● REQUIRED ACTION
Each line from the one containing "119 Briar Ridge" to the end of the data must be copied exactly, the first and last included; no other lines and no pictures belong in the copy.

● COLLECTED MATERIAL
▬▬▬
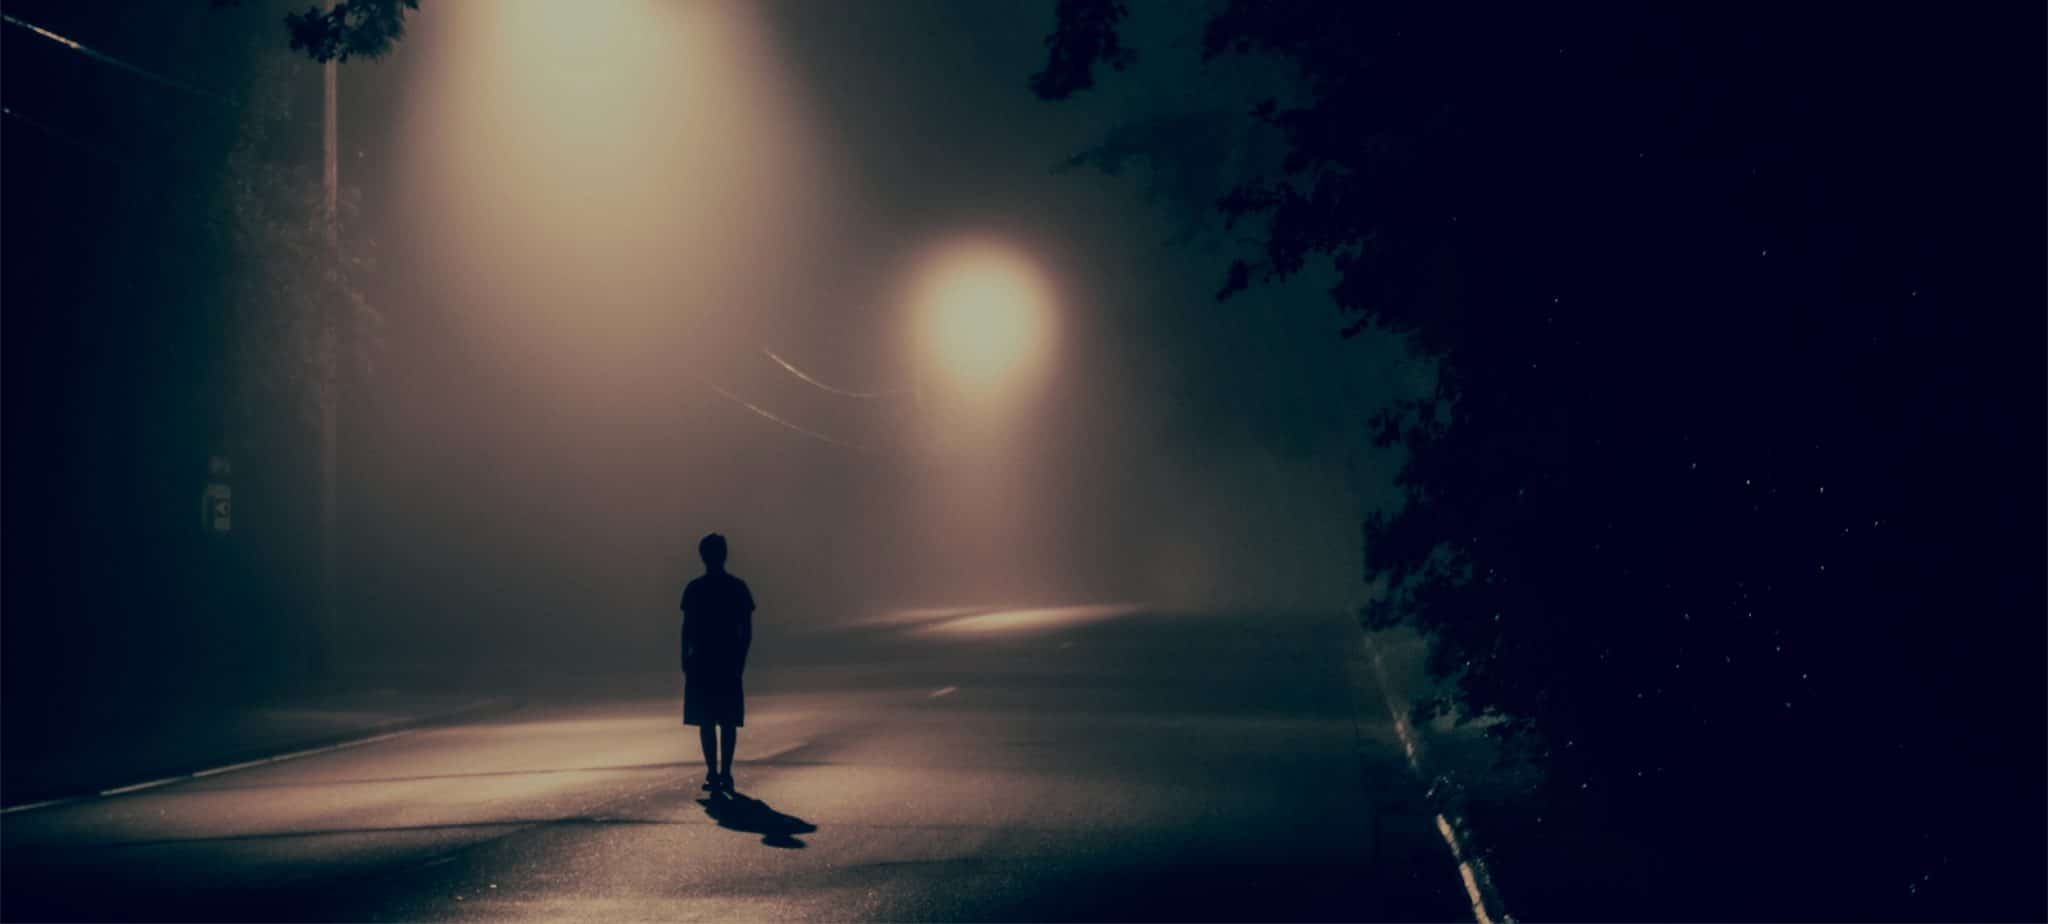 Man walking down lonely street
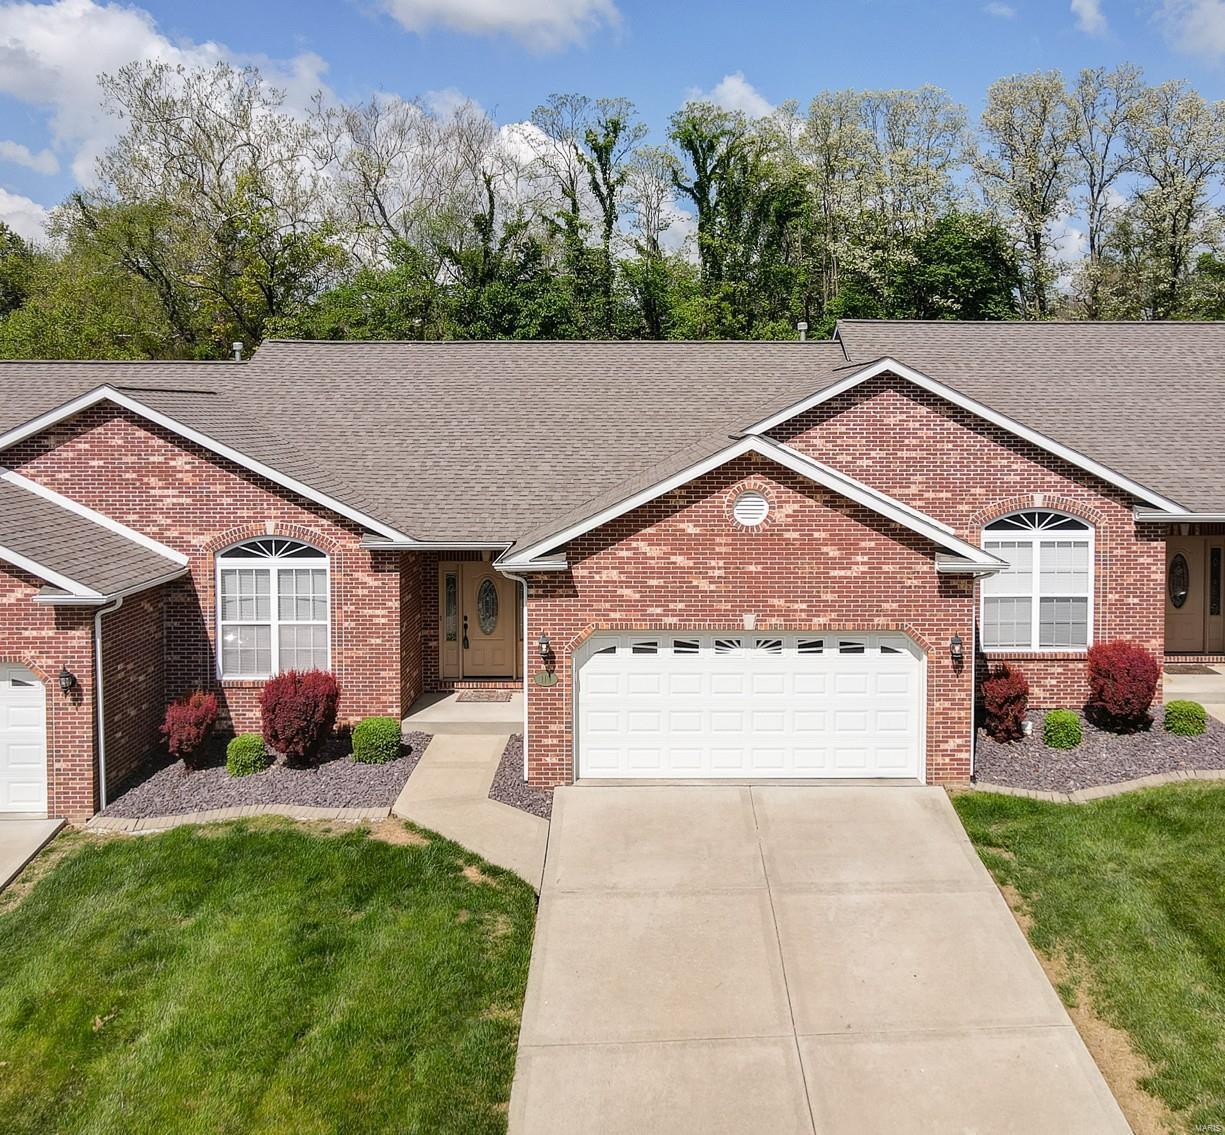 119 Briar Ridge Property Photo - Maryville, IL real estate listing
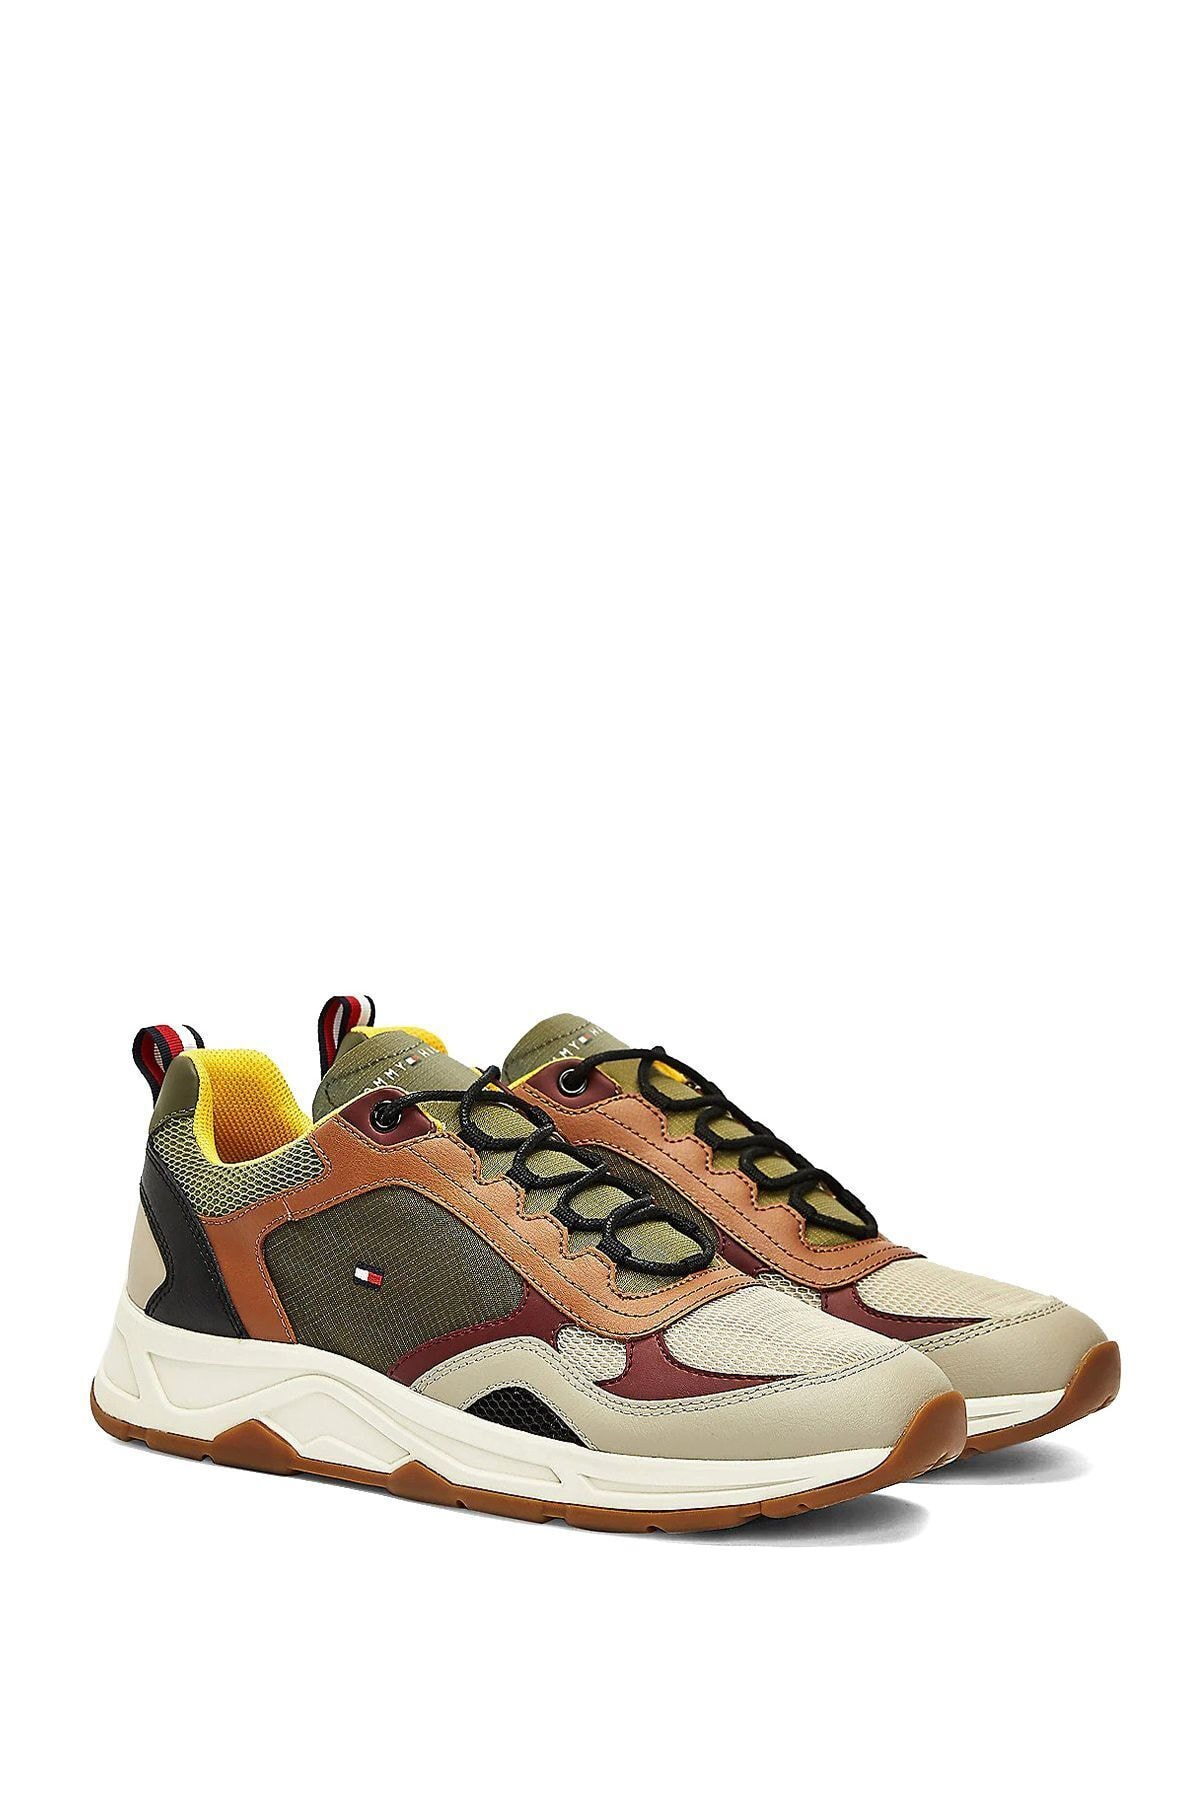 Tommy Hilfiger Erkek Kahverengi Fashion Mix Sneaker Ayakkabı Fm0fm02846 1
▬▬▬
● COMPLETED TASK
 119 Briar Ridge Property Photo - Maryville, IL real estate listing
 Tommy Hilfiger Erkek Kahverengi Fashion Mix Sneaker Ayakkabı Fm0fm02846 1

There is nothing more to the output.